Maria Martirano, classe 1907, nasce in provincia di Lecce. La famiglia è benestante e Maria cresce nell’agio insieme ad altri quattro fratelli: Anna, Franca, Luigi e Gaetano. Vivono tutti a Trepuzzi, un piccolo paesino nell’entroterra, fino al 1916 poi la famiglia subisce un tracollo finanziario e si sposta a Roma dove Maria vive fino al 1928. Poi Maria scompare e riappare a Milano nel 1937 quando diventa la signora Fenaroli.

 

Giovanni Fenaroli è nato ad Airuno, in provincia di Como, ed è proprietario di una piccola impresa edile, la ‘Fenaroli impresa’, con un ufficio a Roma e la sede principale a Milano.
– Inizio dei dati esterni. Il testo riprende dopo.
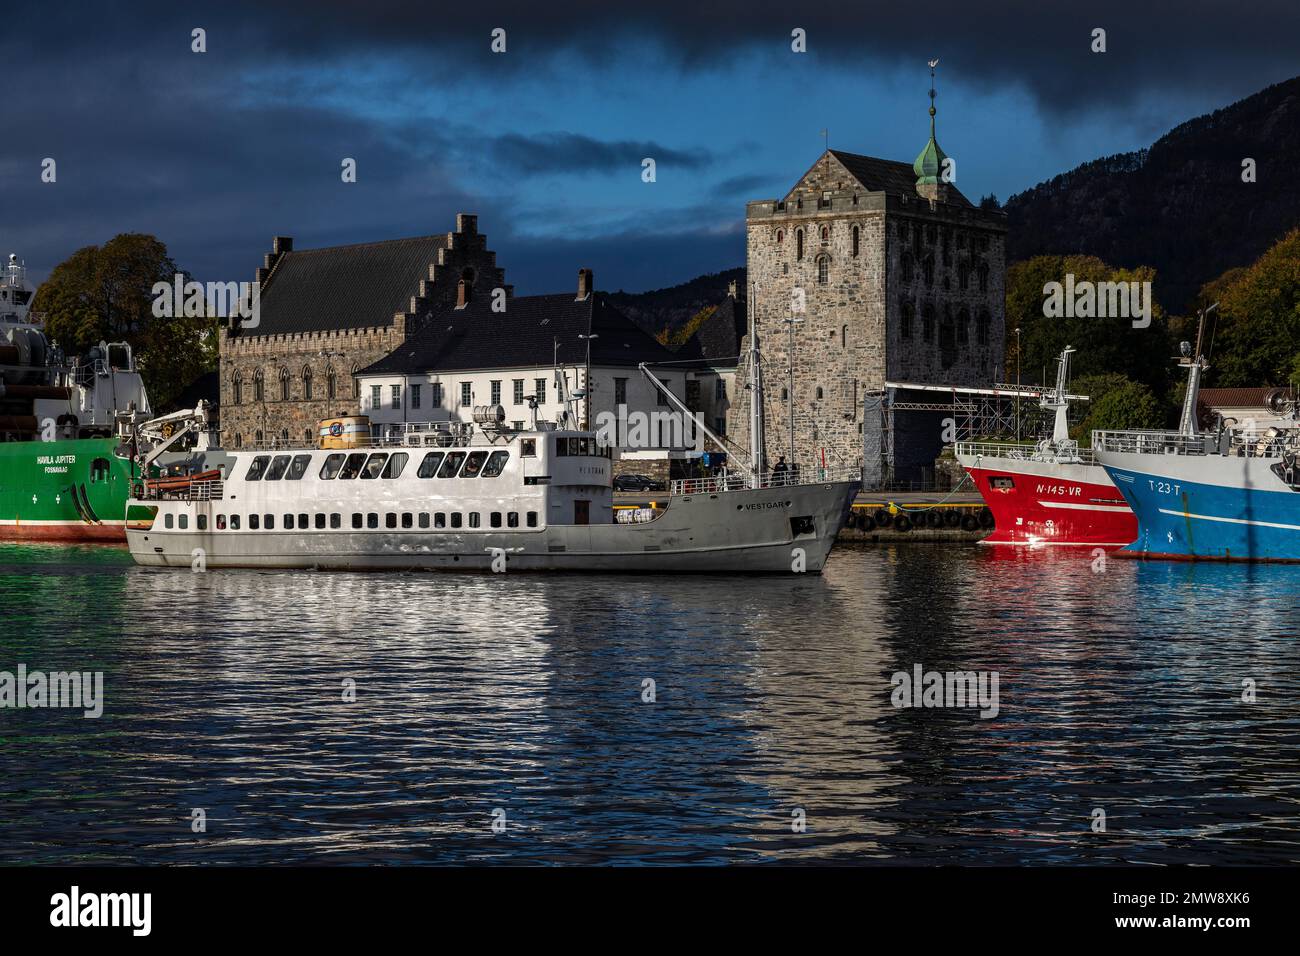 Veteran passenger vessel Vestgar, built 1957. Arriving in the port of Bergen, Norway. Ancient Haakons Hall and Rosenkrantz Tower in background. Stock Photo

È geometra ma gli piace farsi chiamare Ingegnere. Gli piace la bella vita, i soldi per le ballerine e il night non mancano mai e ai suoi collaboratori elargisce stipendi generosi.

 

In una casa chiusa, una di quelle che la legge Merlin chiuderà poi definitivamente, fa la conoscenza della moglie. Maria infatti, dal 1930 al 1934, è stata una prostituta in diverse case di piacere, come risulta dai casellari giudiziari dove all’epoca venivano registrate dalla polizia le ragazze.

 

I due si sposano nel 1937. Inizialmente vanno a vivere a Milano poi si trasferiscono a Roma. Sarebbe meglio dire che Maria si trasferisce perché Giovanni trascorre a Roma solo il fine settimana e a Milano la maggior parte del tempo.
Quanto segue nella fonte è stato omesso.